In parentheses at the right, above, it should be $-\sin(\theta) \cdot \frac {d\theta}{dt}$

I suspect you were more focussed on the LaTeX than on the math.

The one below looks fine.

7. Feb 5, 2017

### jrjack

Ah yes, it's been 5 years since I typed anything in LaTeX either, but I wrote it correctly on my paper.

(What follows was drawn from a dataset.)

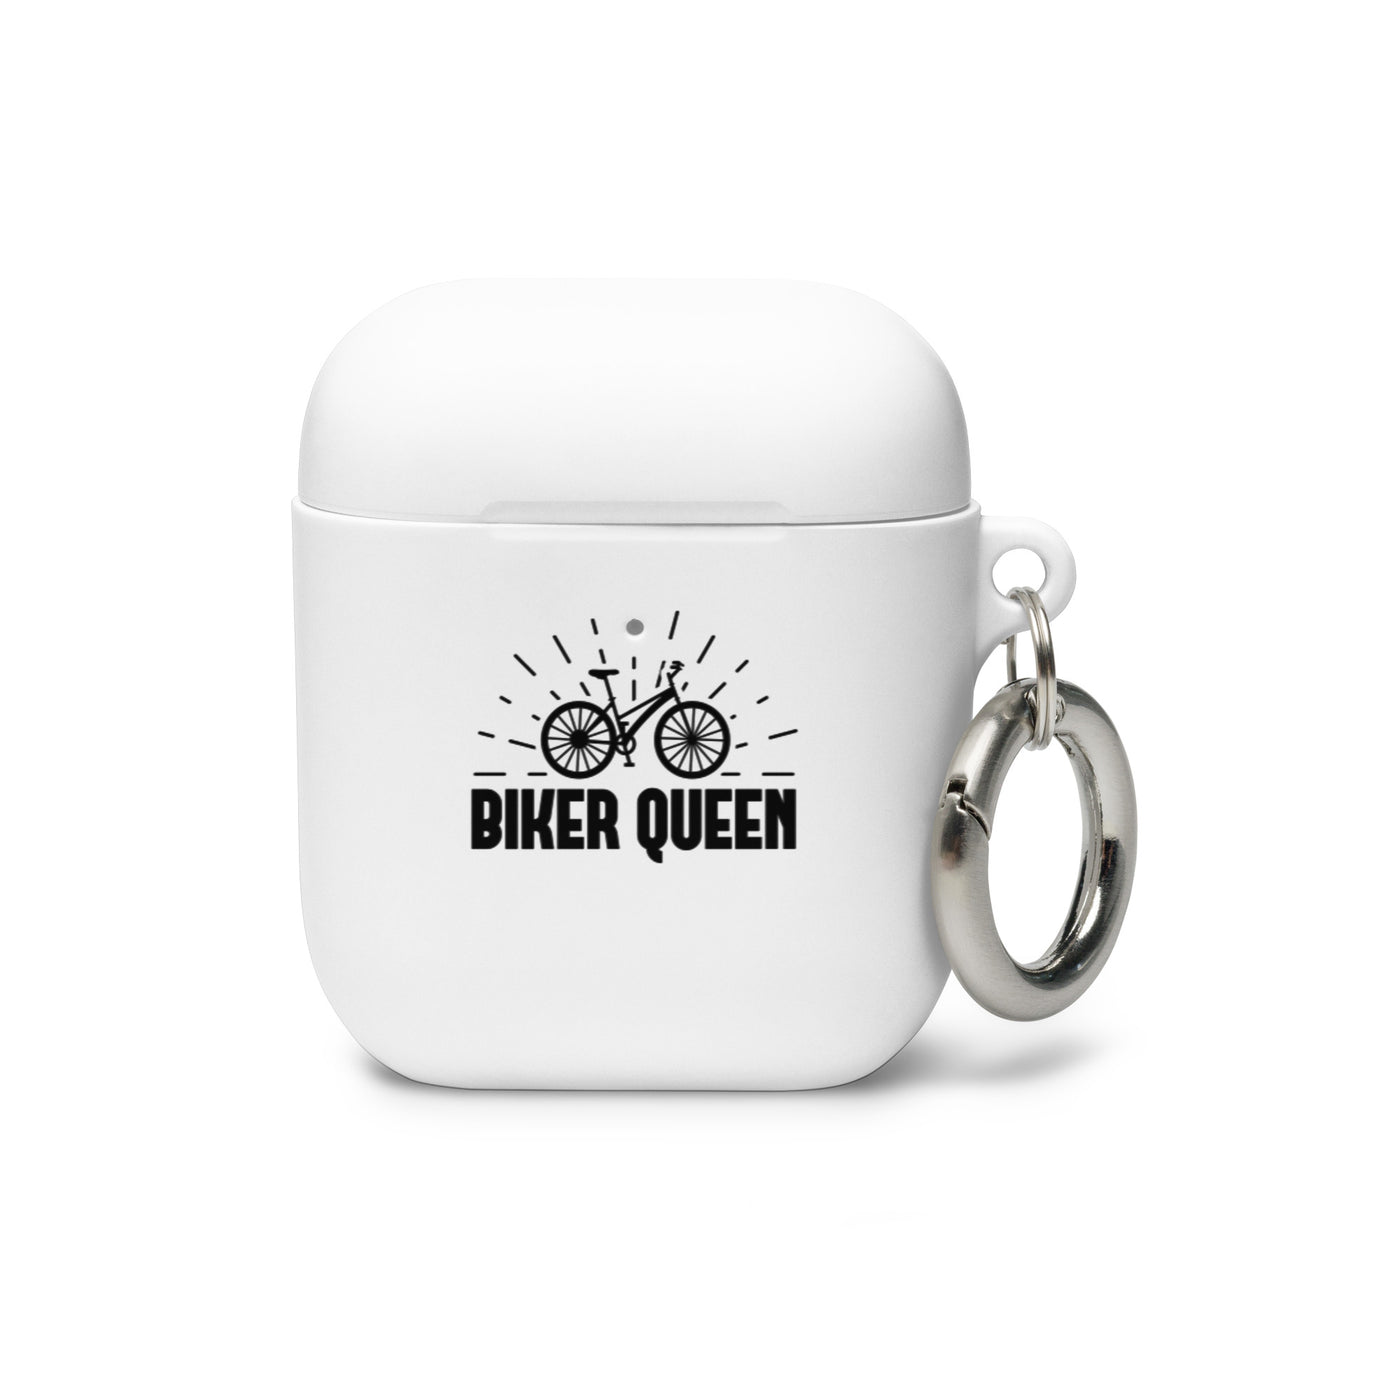 Biker Queen - AirPods Case fahrrad Weiß AirPods
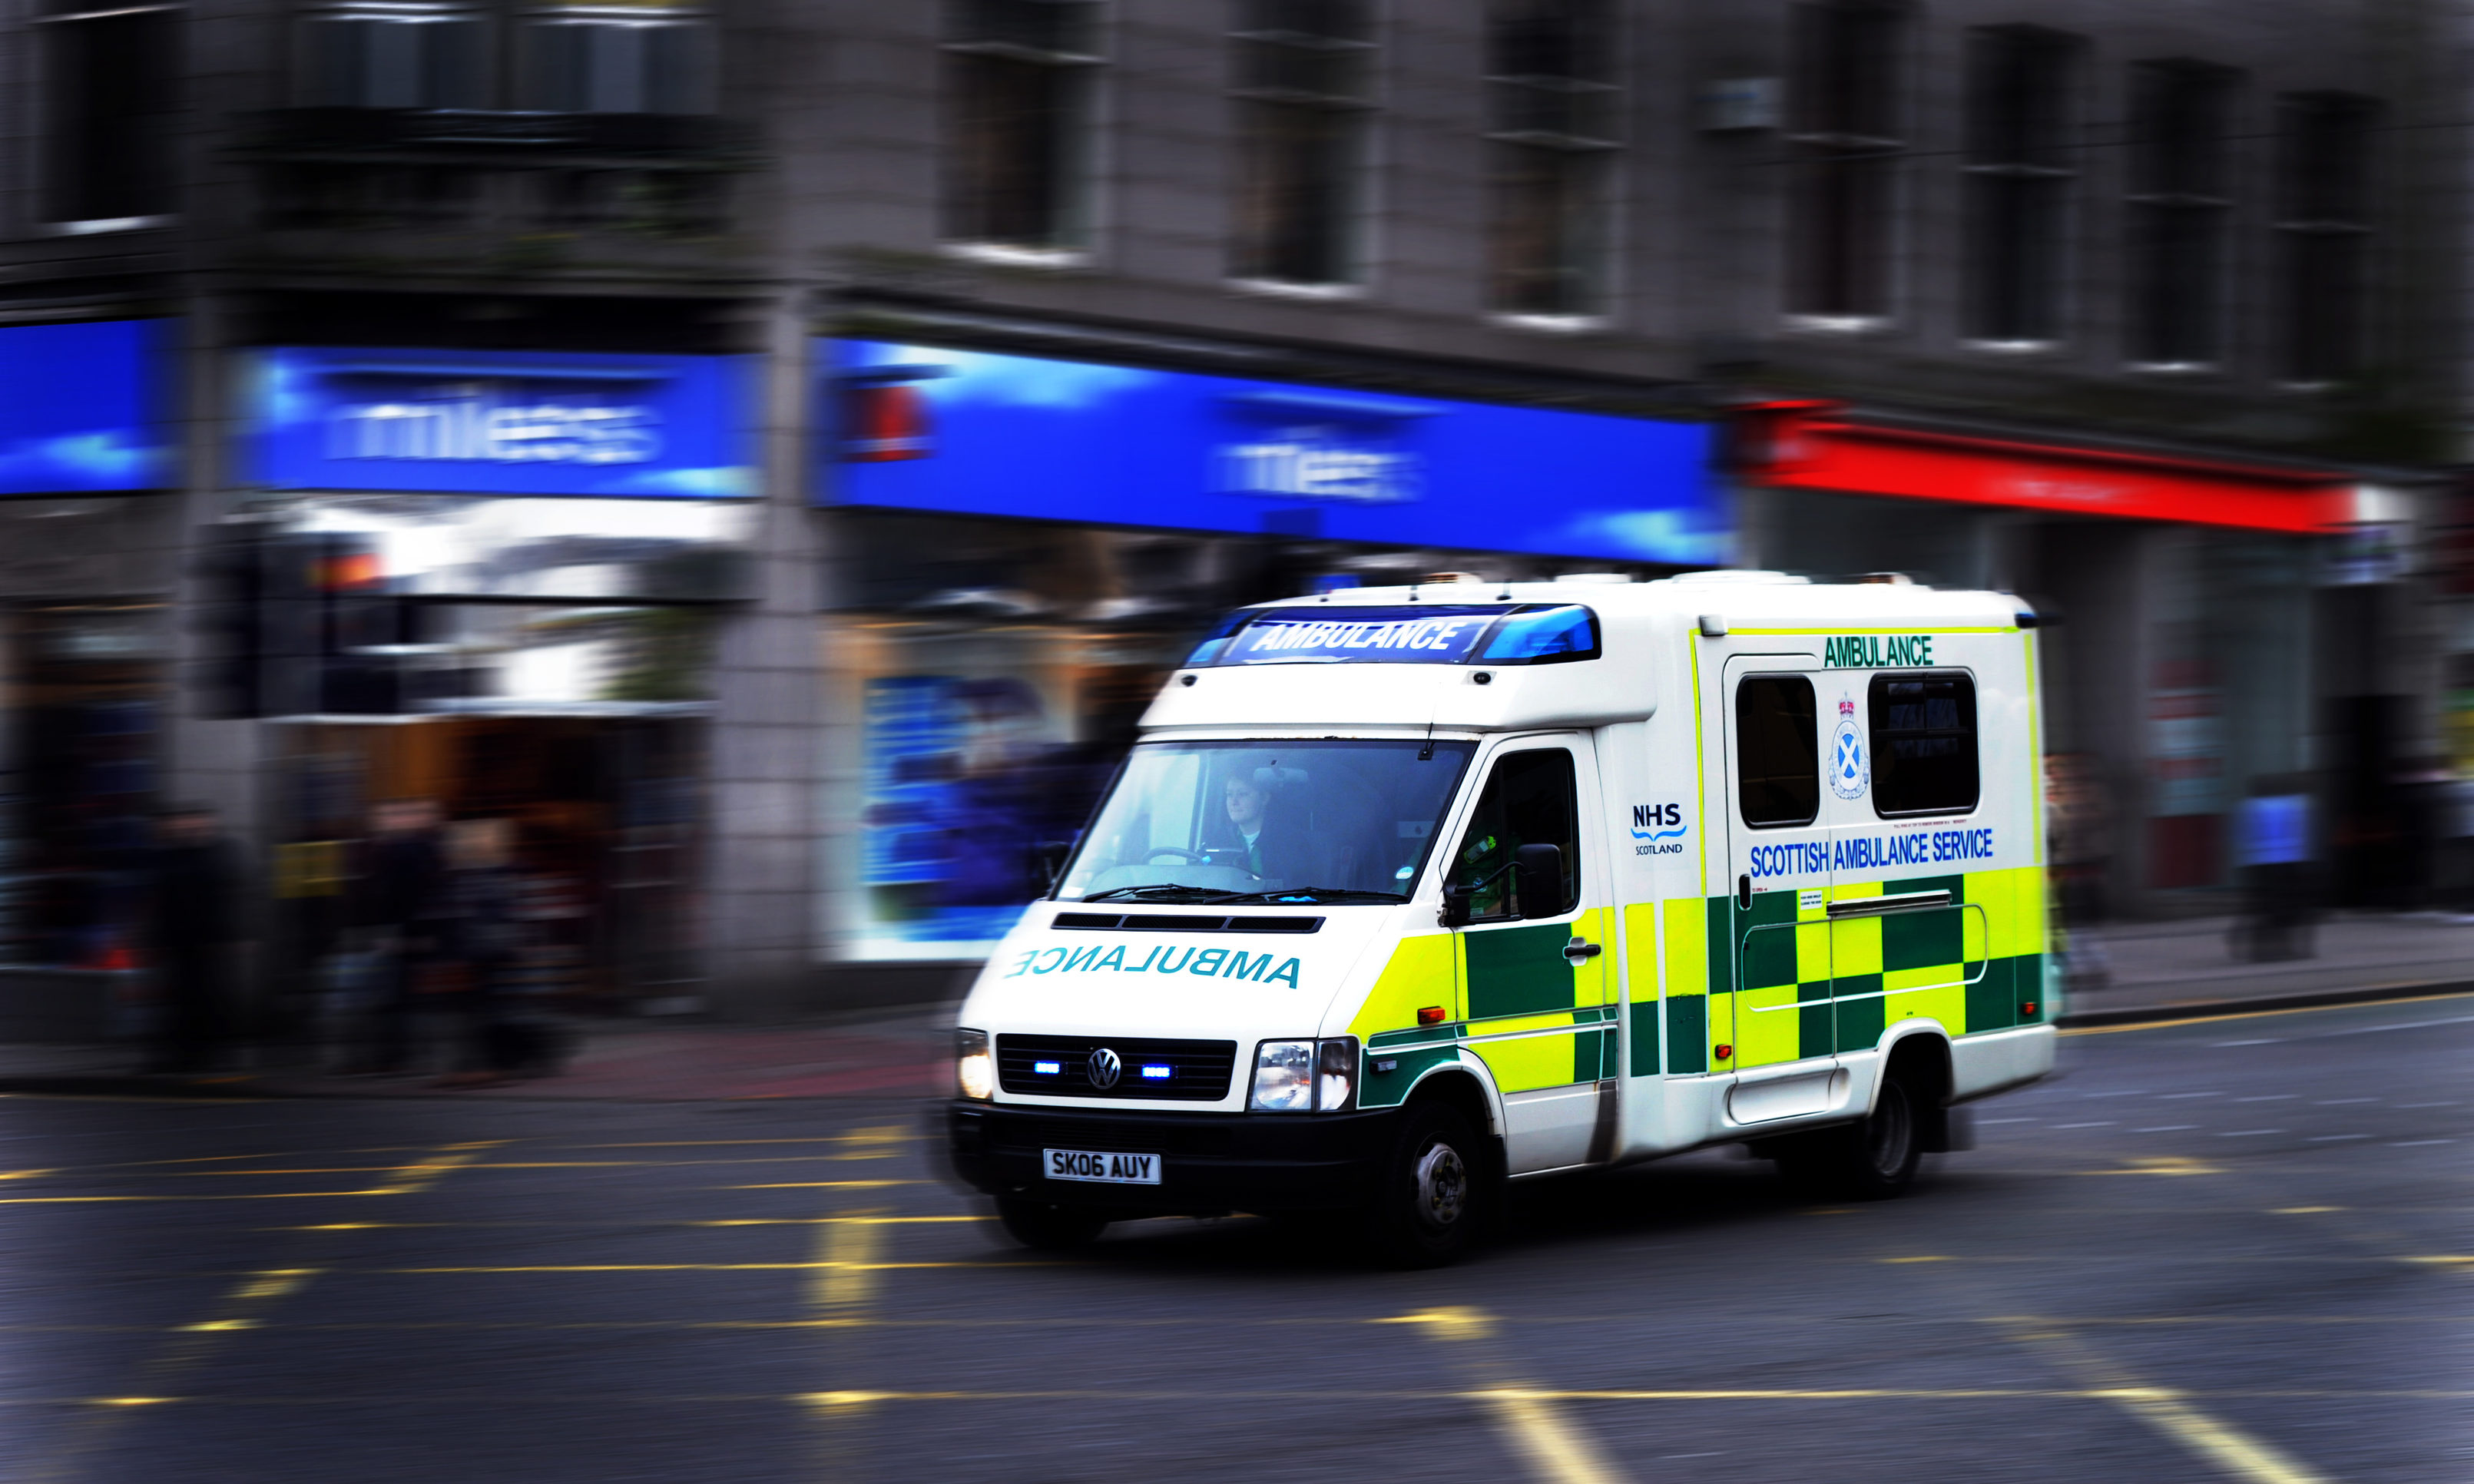 Ambulance arrive. Скорая в Австралии. Ambulance. NHS Scotland Ambulance униформа. Форма скорой помощи в Шотландии.

Now I need a refresher on getting the second derivative of the equation.
I have:
$$\vec{r} = r \cos(\theta) \hat{i} + r \sin(\theta) \hat{j}$$
$$\vec{v} = \left( -r \dot{\theta} \sin(\theta) + \dot{r} \cos(\theta) \right)\hat{i} + \left(r \dot{\theta} \cos(\theta) + \dot{r} \sin(\theta) \right) \hat{j}$$
Differentiating term by term and taking the first part: $-r \dot{\theta} \sin(\theta)$
or $-r \frac{d\theta}{dt} \sin(\theta)$
I am not exactly sure how to apply the product rule to 3 terms???
Do I take 1st times d/dt of the second, times d/dt of the third ? plus d/dt of the 1st times the second and third variables?
$$\frac{d^2\vec{r}}{dt^2} = -\left(r \frac{d^2\theta}{dt^2} \cos(\theta) \frac{d\theta}{dt} + \frac{dr}{dt} \sin(\theta) \frac{d\theta}{dt} \right)$$

8. Feb 5, 2017

### jrjack

A few Multiple function product rule refresher videos later...
I believe the 1st term should go from:
$$-r \frac{d\theta}{dt} \sin(\theta)$$
to:
$$- \left( \frac{dr}{dt} \frac{d\theta}{dt} \sin(\theta) + r \frac{d}{dt}(\frac{d\theta}{dt} \sin (\theta)) \right)$$
$$- \left( \frac{dr}{dt} \frac{d\theta}{dt} \sin(\theta) + r ((\frac{d\theta}{dt})^2 \cos(\theta) + \frac{d^2\theta}{dt^2} \sin(\theta) \right)$$

3 terms left to go...if my thought process is correct on this 1st term.